## Information provided
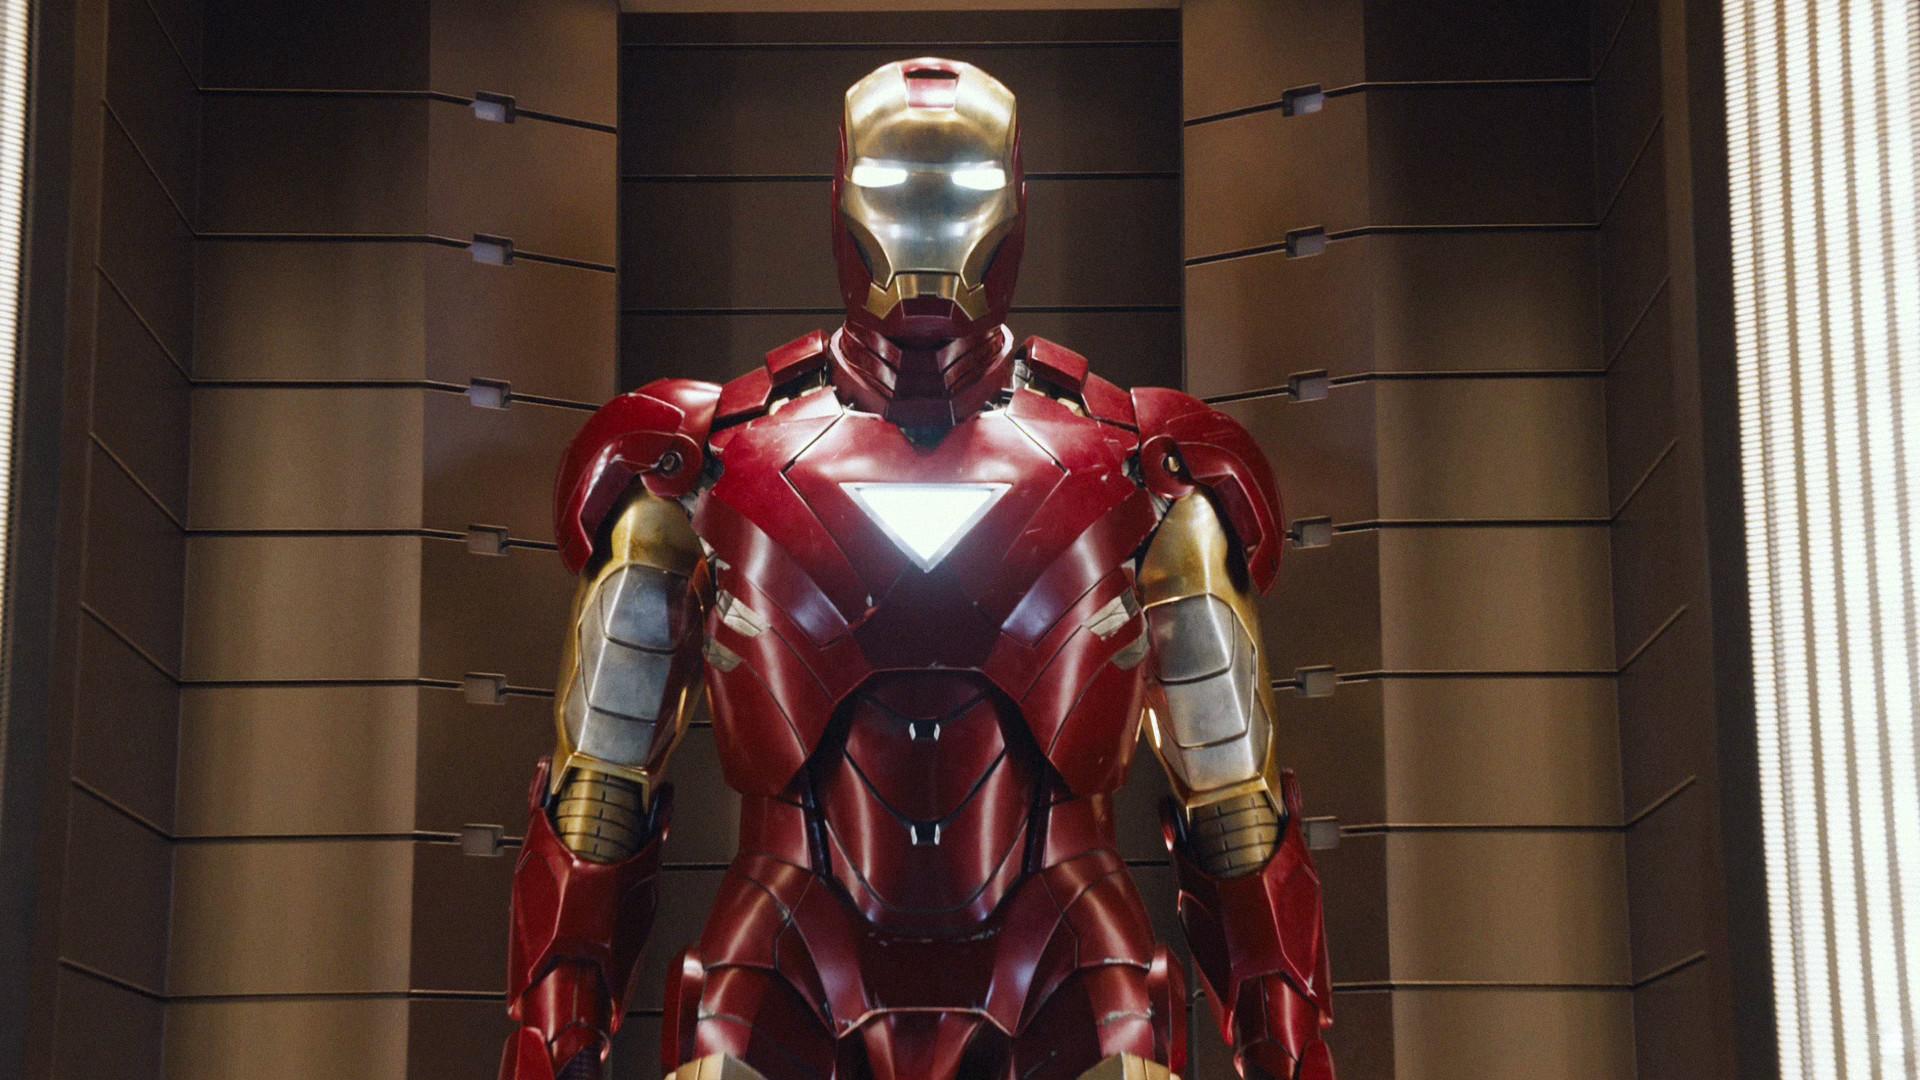 Iron Man Wallpaper 1920x1080 70 Images
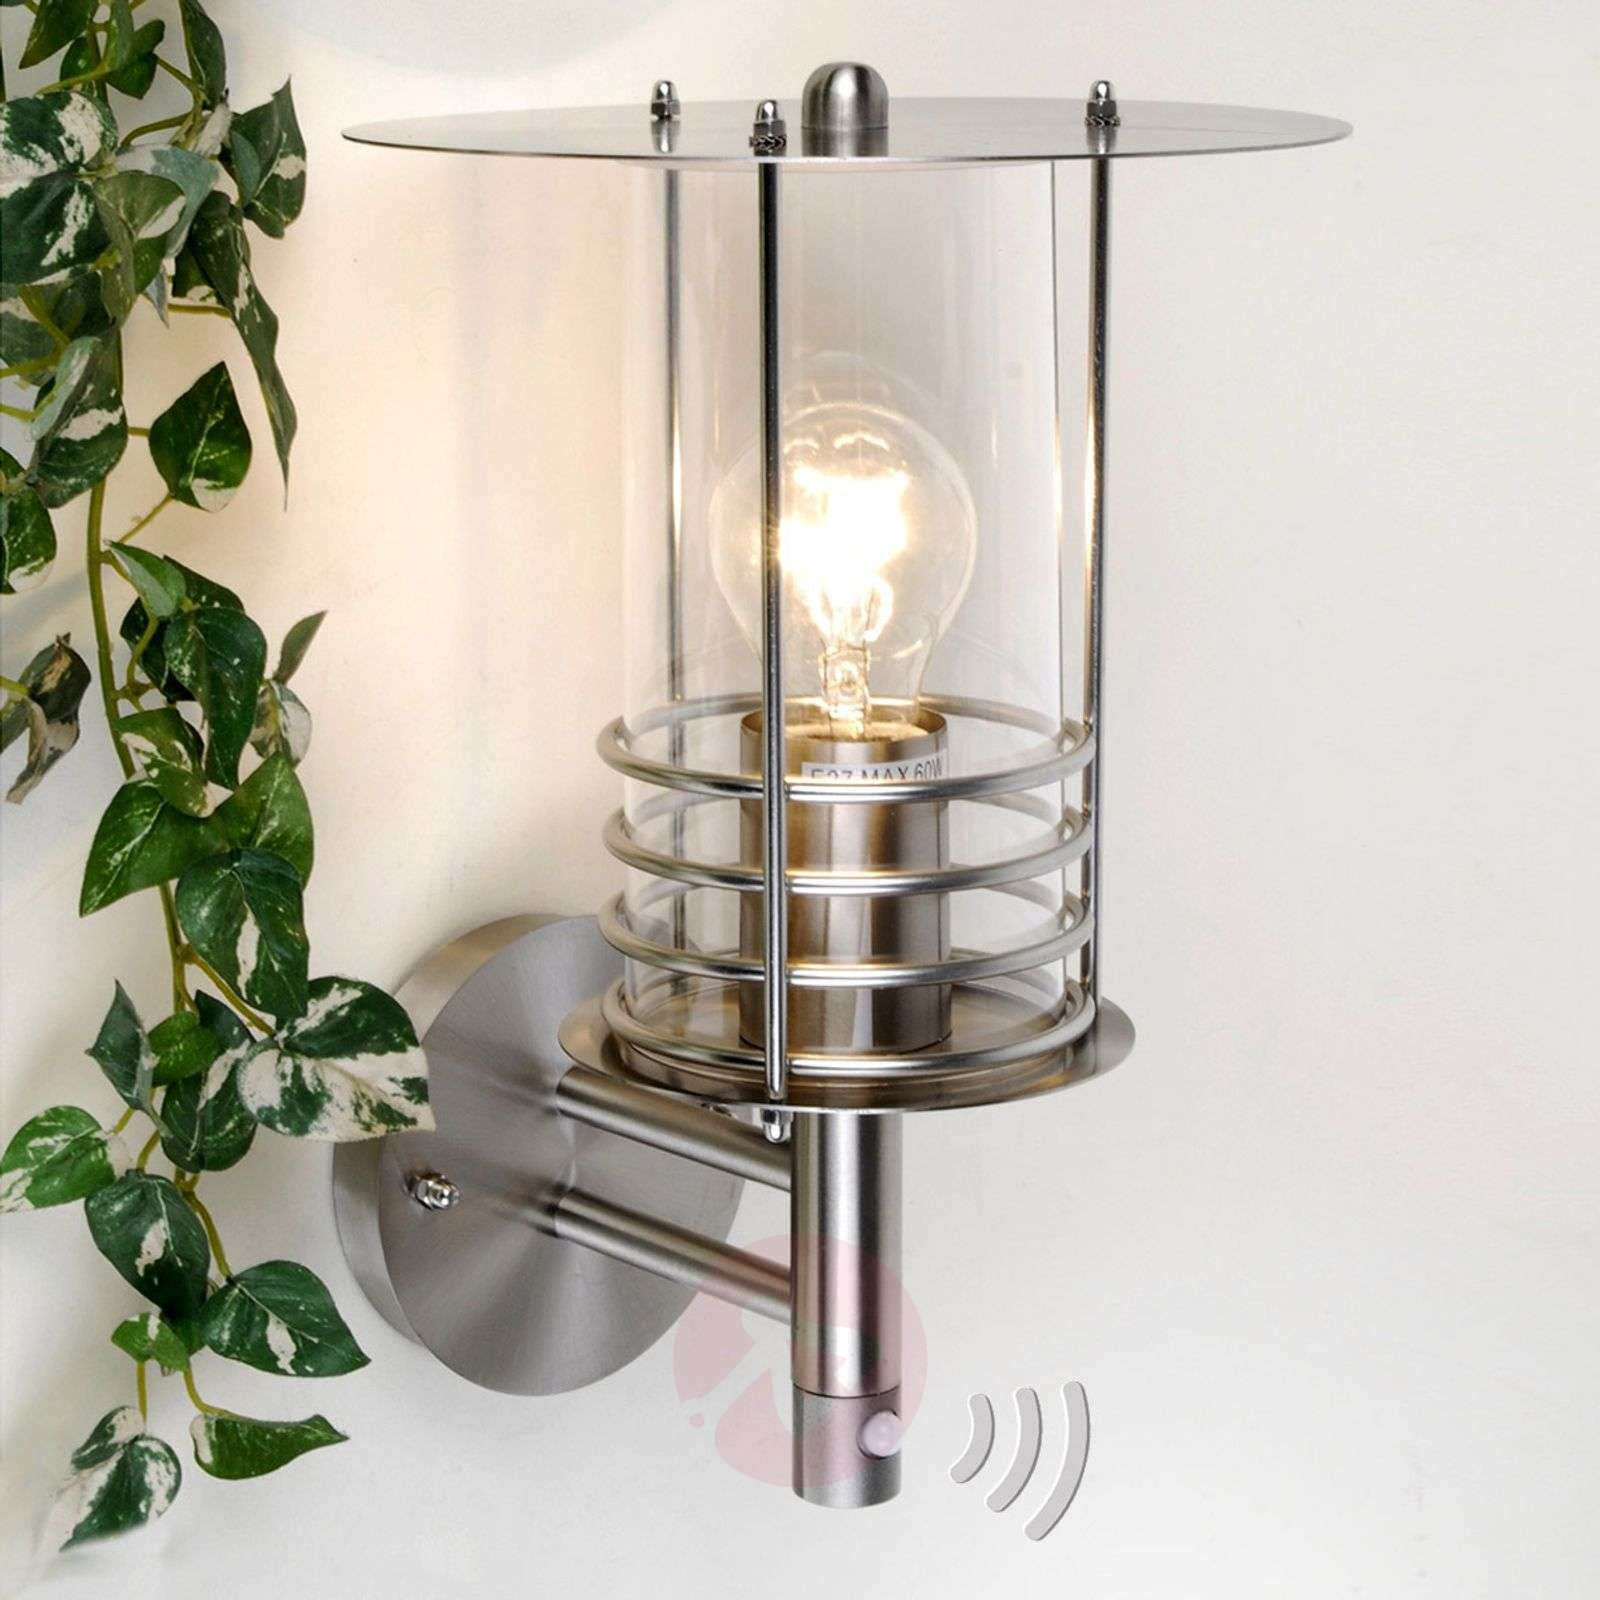 Motion sensor outdoor wall light Miko-9972071-01
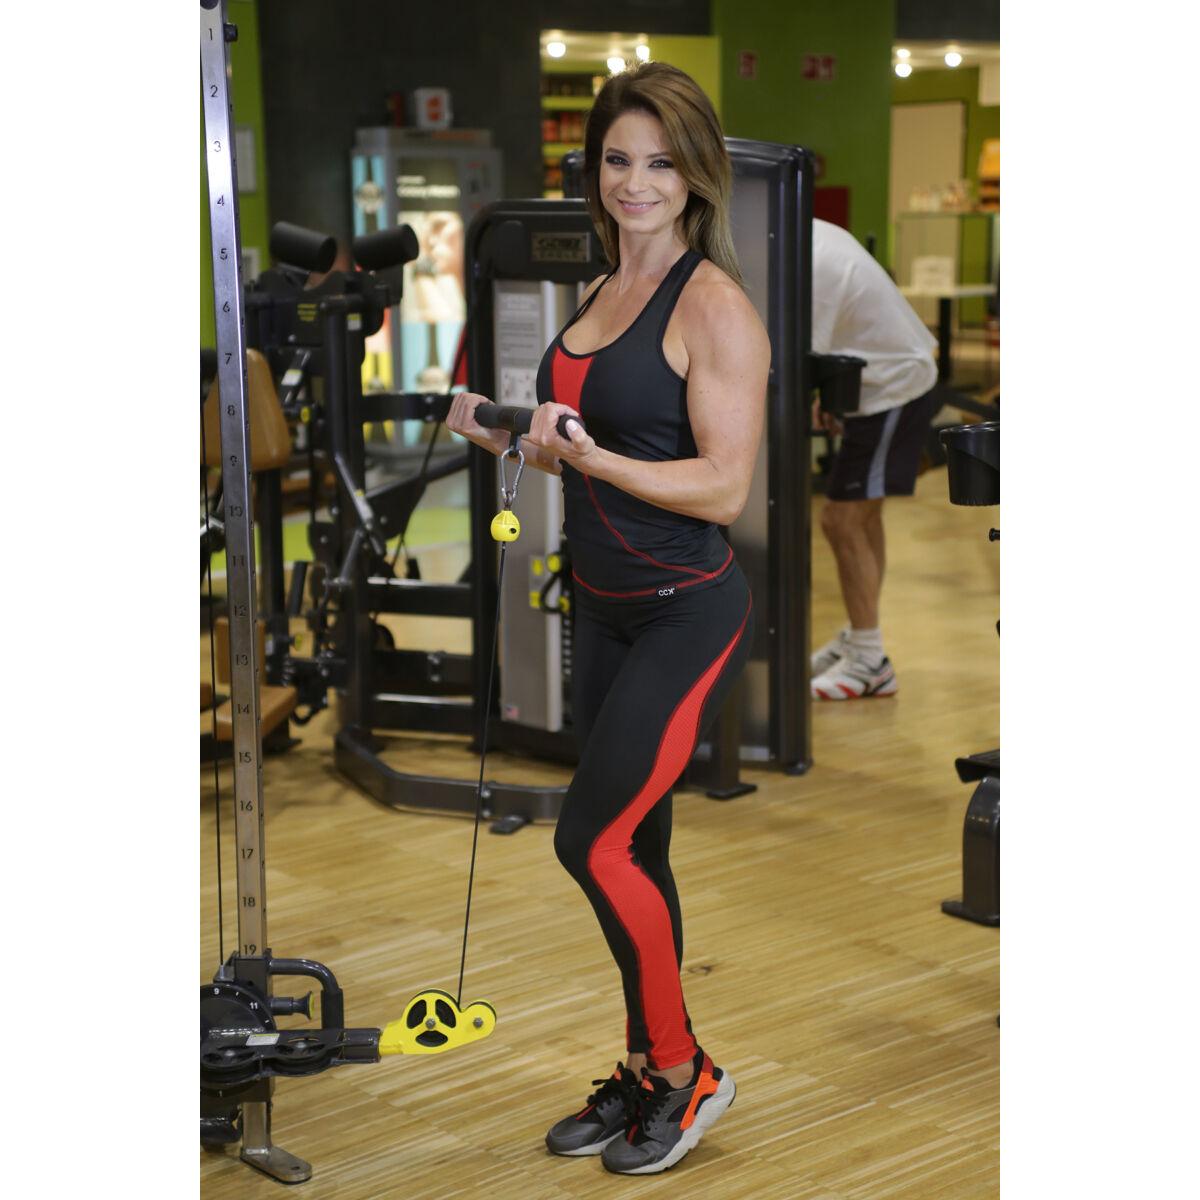 Flame női fitness tüll leggings + atléta szett, fekete-piros

## Work required
Line by line, write out the data above exactly, without the pictures.

## Exercise response
 Iron Man Wallpaper 1920x1080 70 Images
 Motion sensor outdoor wall light Miko-9972071-01
 Flame női fitness tüll leggings + atléta szett, fekete-piros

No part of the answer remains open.